高根町にあるChiharu farmの畑からは八ヶ岳と甲斐駒ヶ岳などの山々が一望できる。この環境に惚れ込み移住してきた田中千春さんが農薬・化学肥料を使わずにつくる野菜はどれも驚くほど高品質。「農業は奥が深くて楽しくてしかたがない」と語る田中さんにその魅力を伺いました。
好奇心の赴くままに進み農業の世界へ飛び込む
高根町の約1.4ヘクタールの畑で年間を通して15〜20品目の野菜を有機で栽培している田中千春さんは、子供の頃に手にした一冊のケーキのレシピ本をきっかけに「食」に興味を持った。一度は金融機関に就職したが食への興味は尽きることなく、金融機関を退職して専門学校に通いながらホテルでお菓子をつくるパティシエの仕事をしたり、ベランダで野菜を育てたりしていた。その後再び、証券会社という食とは離れた場で7年間働いたが、スーパーで野菜を手にしたときにふと、「農業の現場のことって全然知らないな」と感じ、そこから農業についての勉強をスタート。知るほどにのめりこんでいき、農家に憧れるようになった。

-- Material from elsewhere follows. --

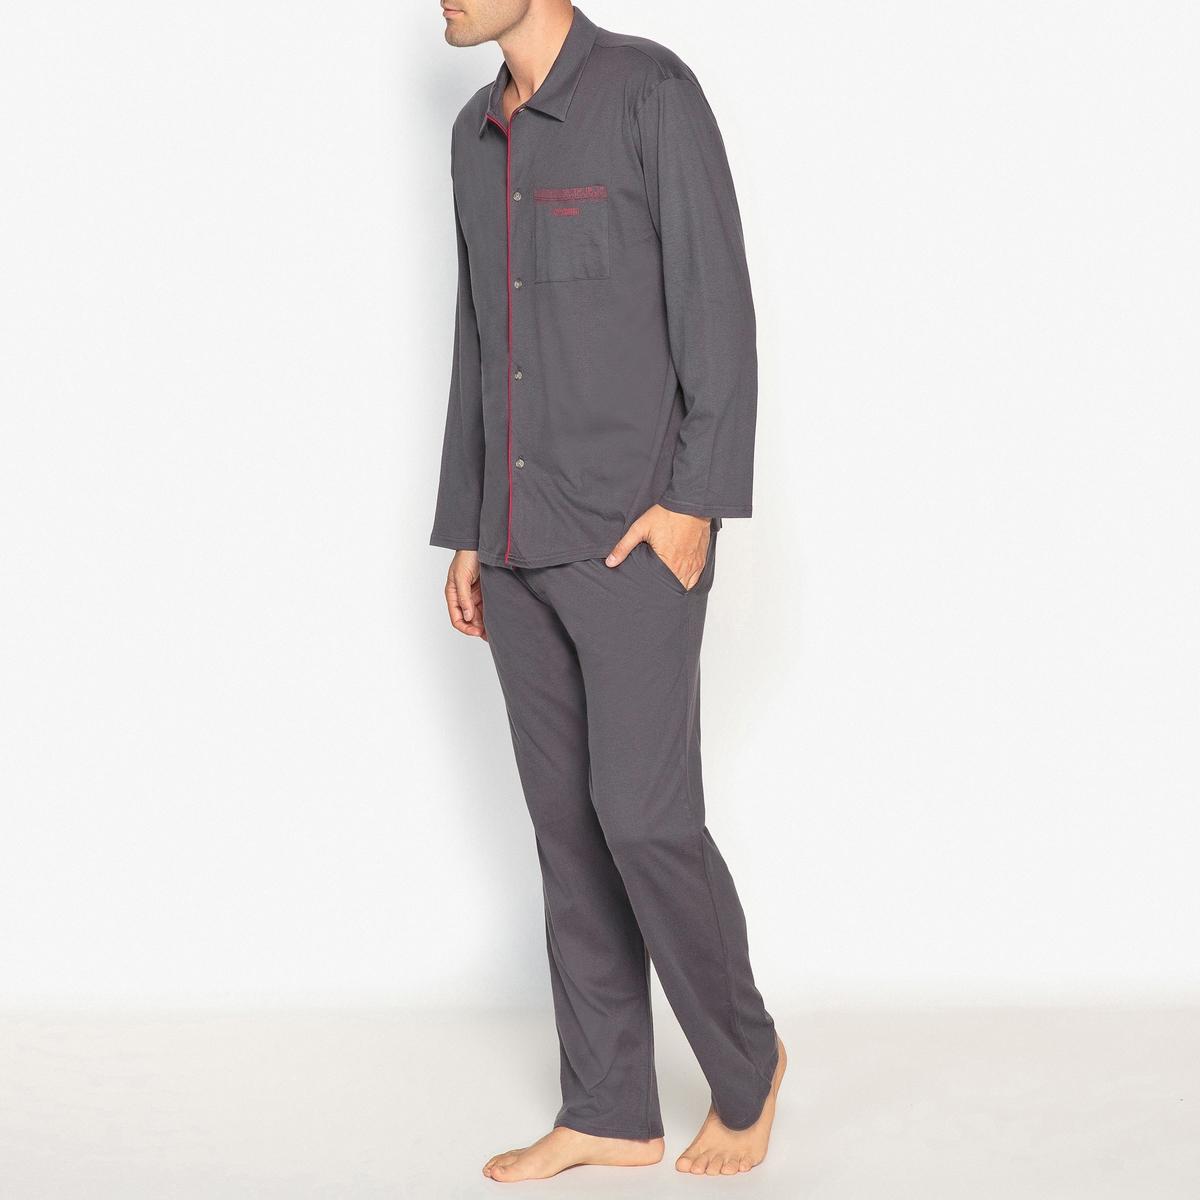 Пижама длинная с брюками из хлопкового джерсиДлинная пижама ATHENA. Классическая пижама с контрастными деталями из комфортного хлопкового джерси.Описание  •  Куртка со стоячим воротником •  Длинные рукава •  Застежка на пуговицы •  Логотип на груди •  Контрастные детали вдоль планки застежки на пуговицы •  Брюки прямого покроя.  •  Эластичный ремень контрастного цвета и затягиваемый шнурок •  2 боковых карманаСостав и уход •  Основной материал : джерси, 100% хлопок •  Машинная стирка при 30 °С •  Стирать с вещами схожих цветов<br><br>Цвет: антрацит/бордовый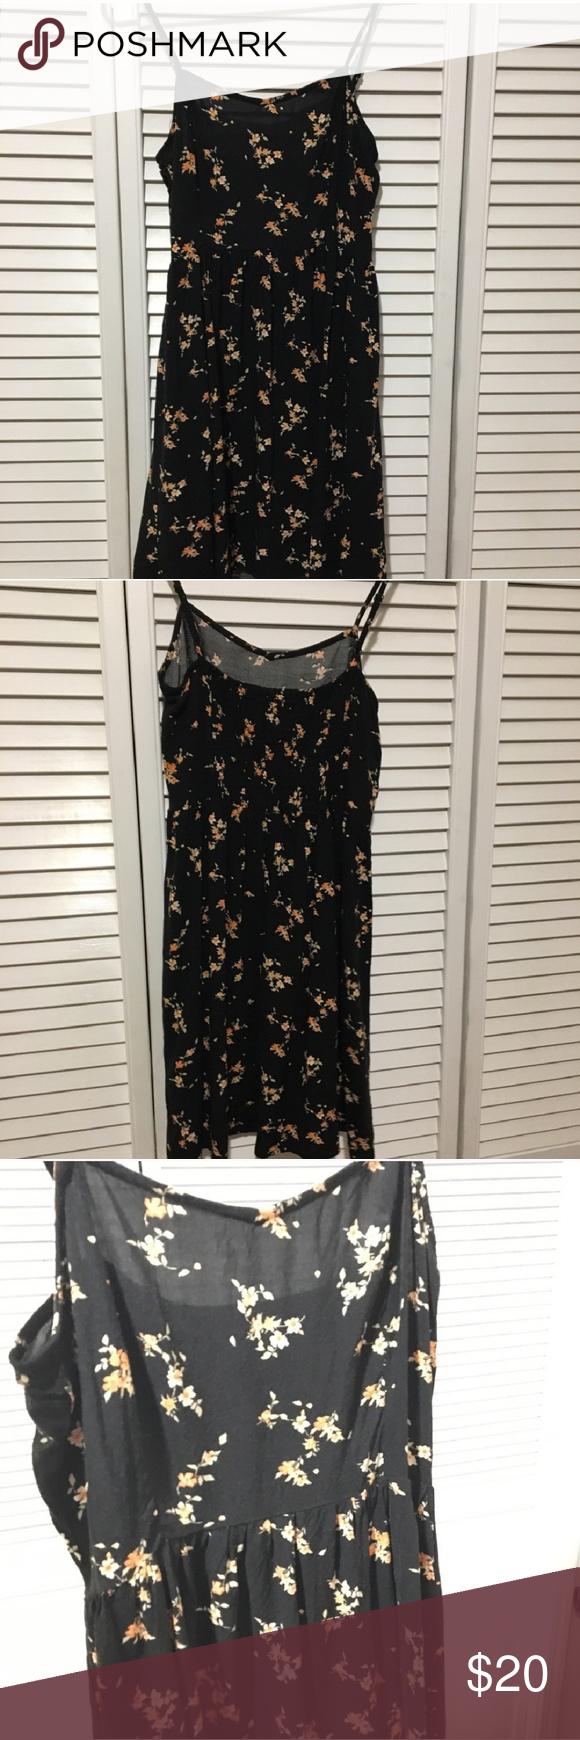 Black Divided H M Floral Dress Floral Dress Divided H M Dresses [ 1740 x 580 Pixel ]

「昔から好奇心が旺盛で『知らない世界を見てみたい』という思いが人一倍強かったんです。次のステージに行きたい、社会に貢献したいというエネルギーが有り余っていたのだと思います。(笑)」

田中さんはまず、埼玉県の小川町で5日間の農業インターンシップに参加。そこで理想図として掲げていた『循環型農業』の仕組みに触れ、有機農業の世界に興味を持った。その後も様々な研修に参加したことや、東日本大震災などをきっかけに、「農業をやりたい」という思いが次第に本格化していった。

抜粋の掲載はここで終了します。